__Work request__
Reproduce verbatim the lines of the material below, starting at the line with "一图读懂 | 重庆市医疗保险退费政策" and ending at the line with "Sáp thơm khử", both inclusive; skip the rest.

[Opening Exercise input section]

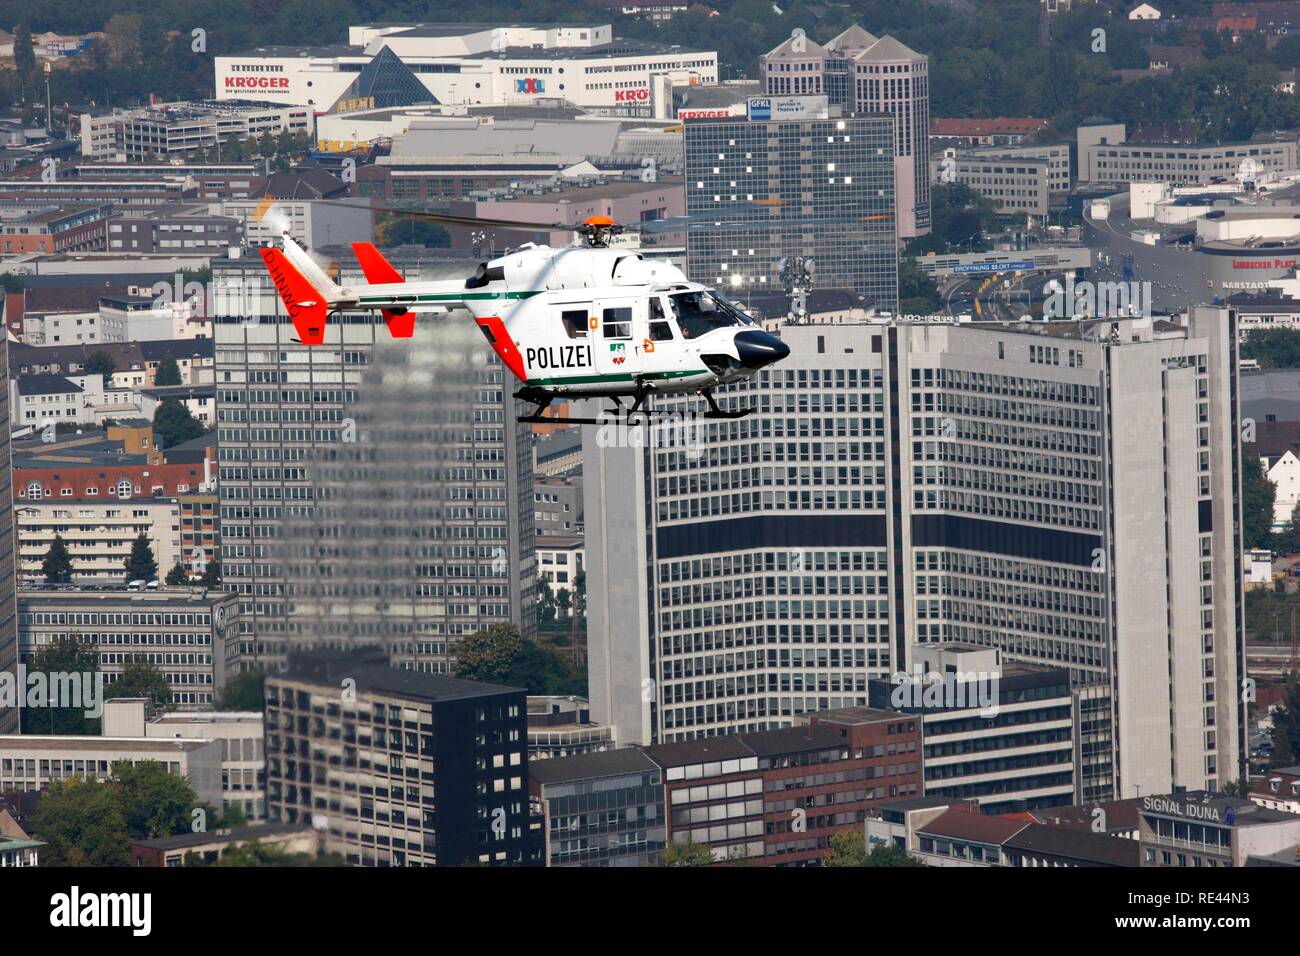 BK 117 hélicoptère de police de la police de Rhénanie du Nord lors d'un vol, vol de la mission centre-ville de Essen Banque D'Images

[Closing Exercise input section]
[Opening Exercise input section]

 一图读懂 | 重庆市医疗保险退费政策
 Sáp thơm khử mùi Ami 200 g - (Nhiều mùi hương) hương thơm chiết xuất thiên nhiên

[Closing Exercise input section]
[Opening Exercise input section]

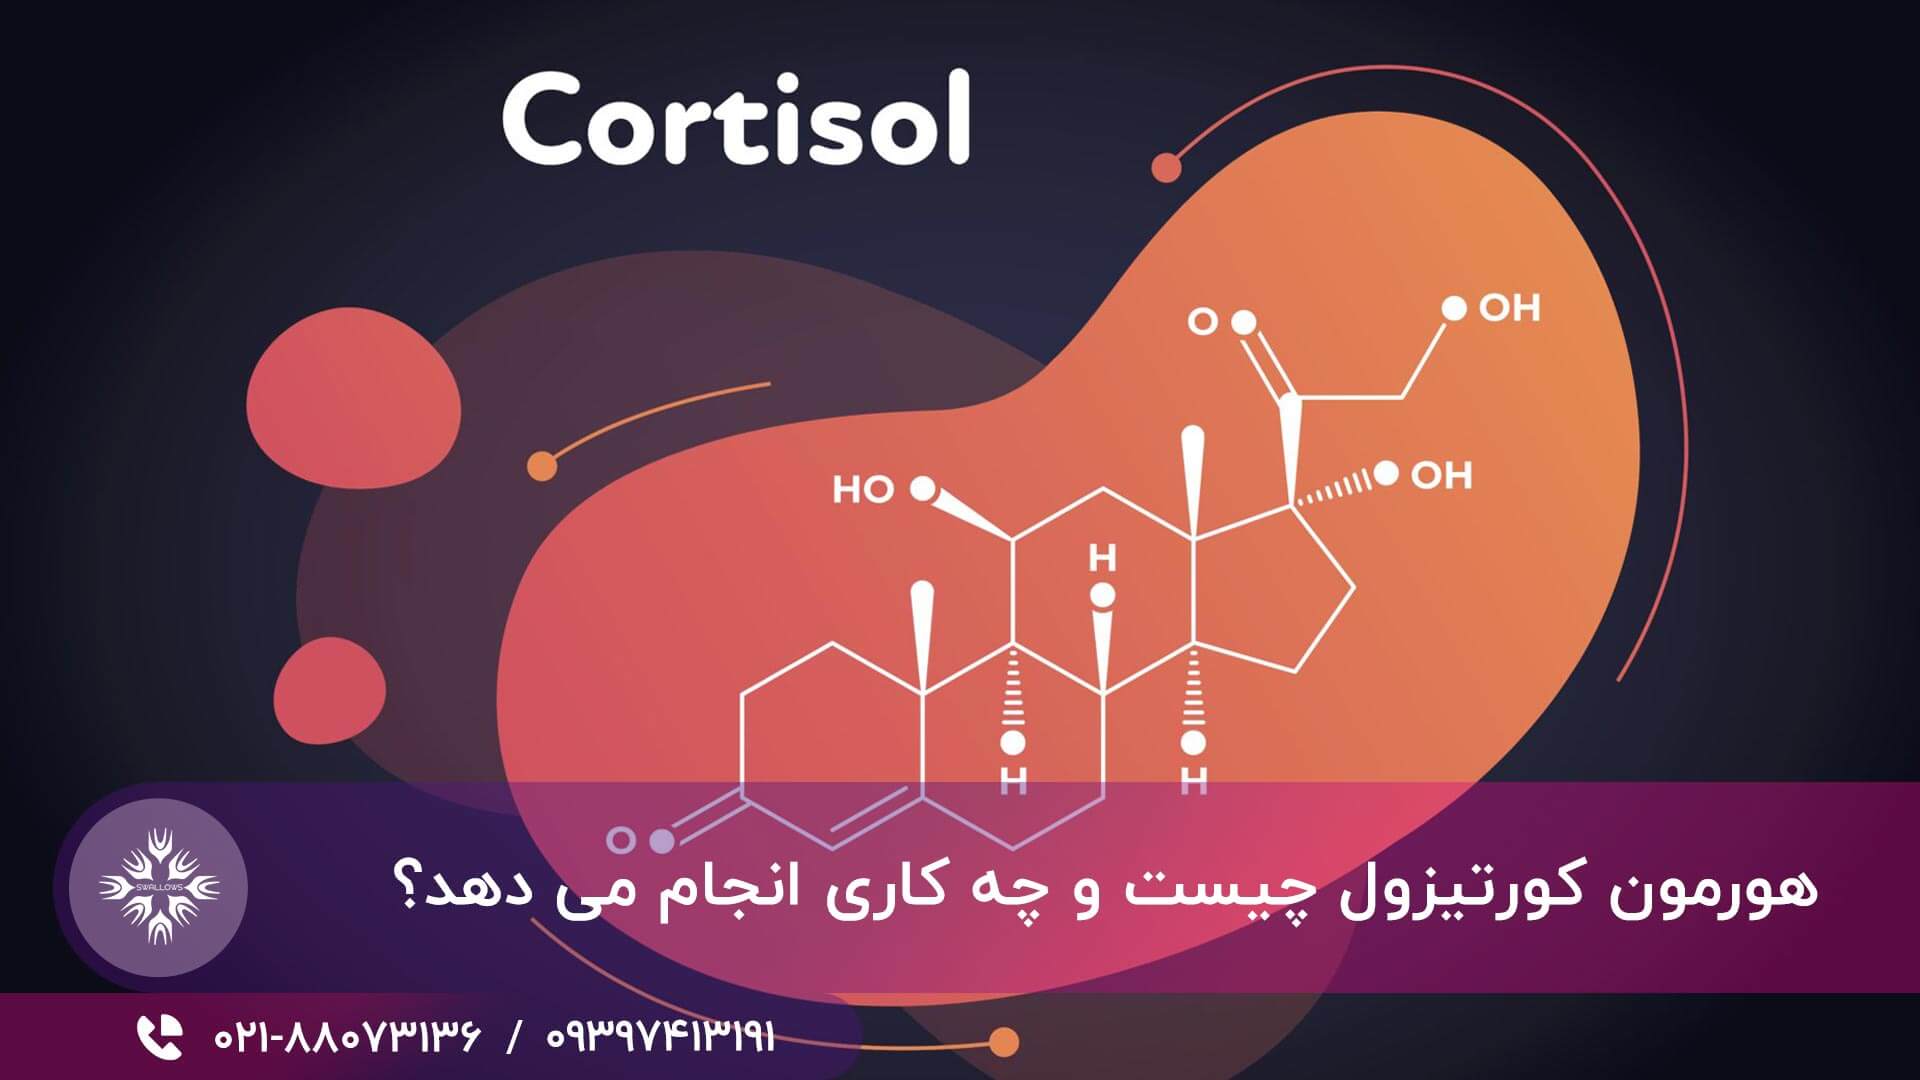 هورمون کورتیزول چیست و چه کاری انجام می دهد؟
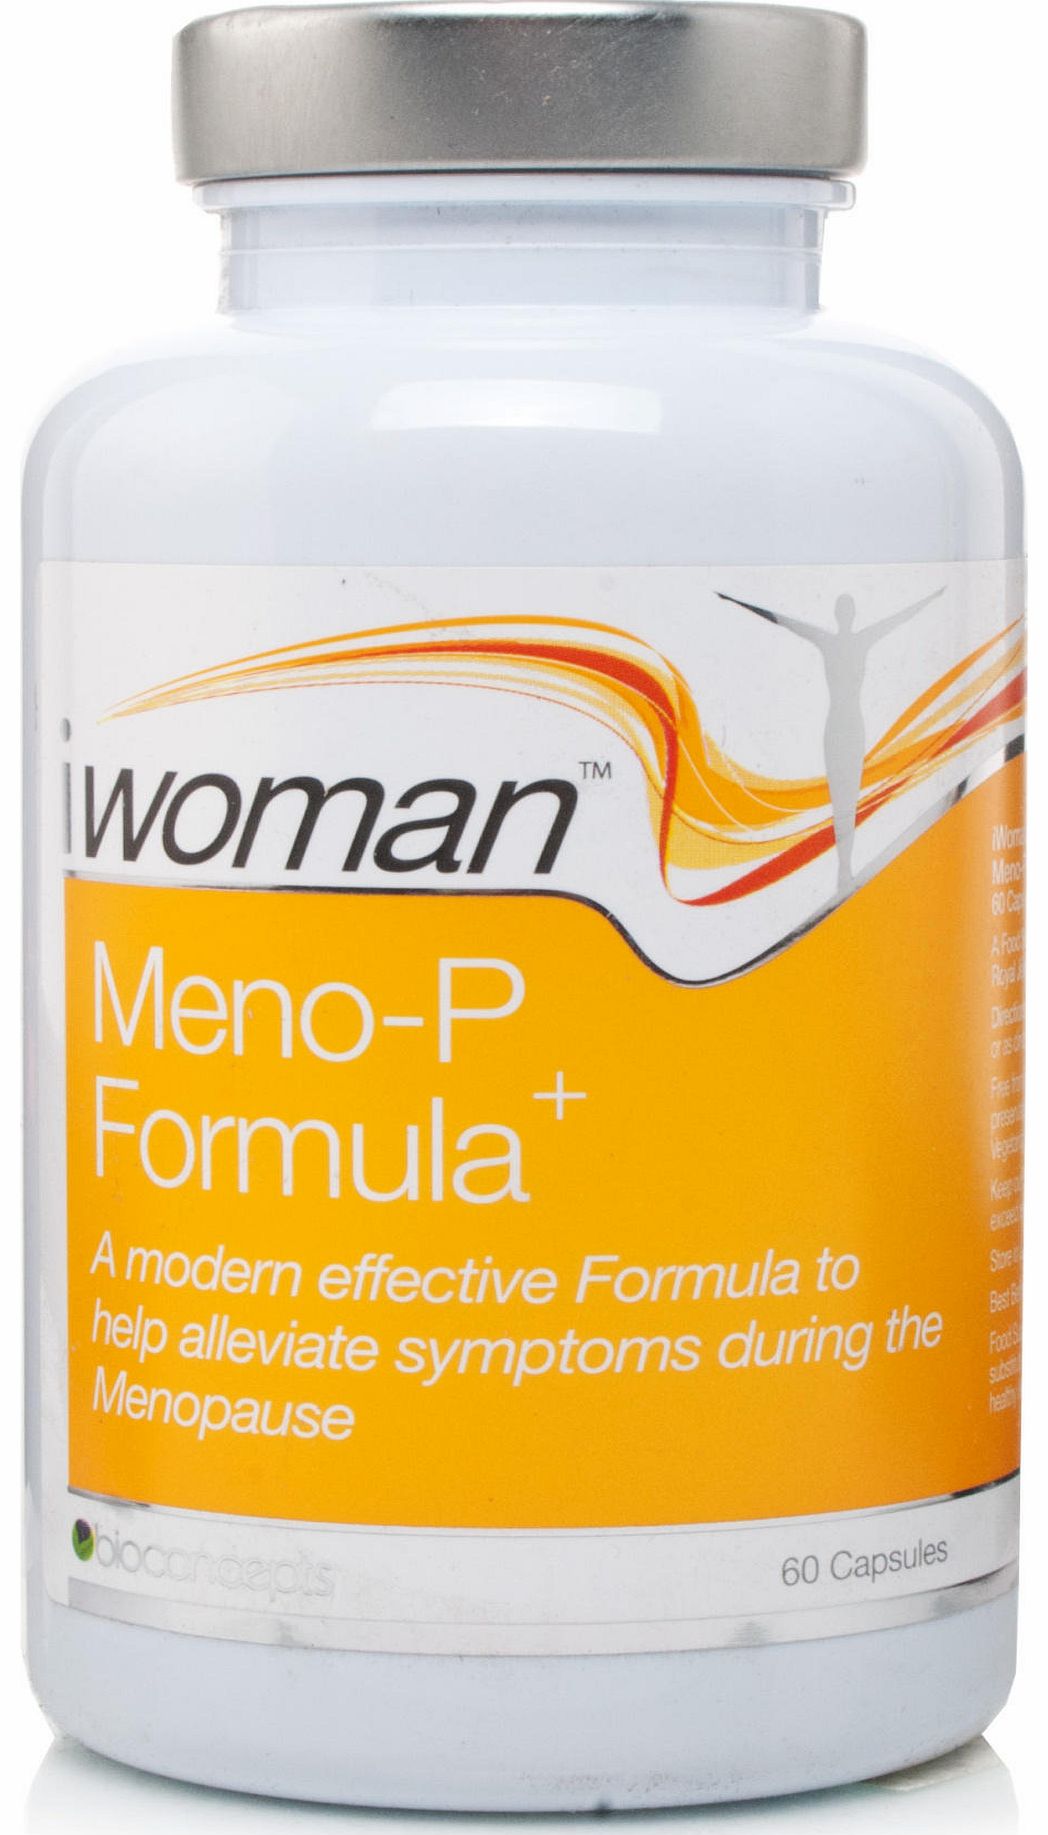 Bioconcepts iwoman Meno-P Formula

[Closing Exercise input section]

__Response to this exercise__
 一图读懂 | 重庆市医疗保险退费政策
 Sáp thơm khử mùi Ami 200 g - (Nhiều mùi hương) hương thơm chiết xuất thiên nhiên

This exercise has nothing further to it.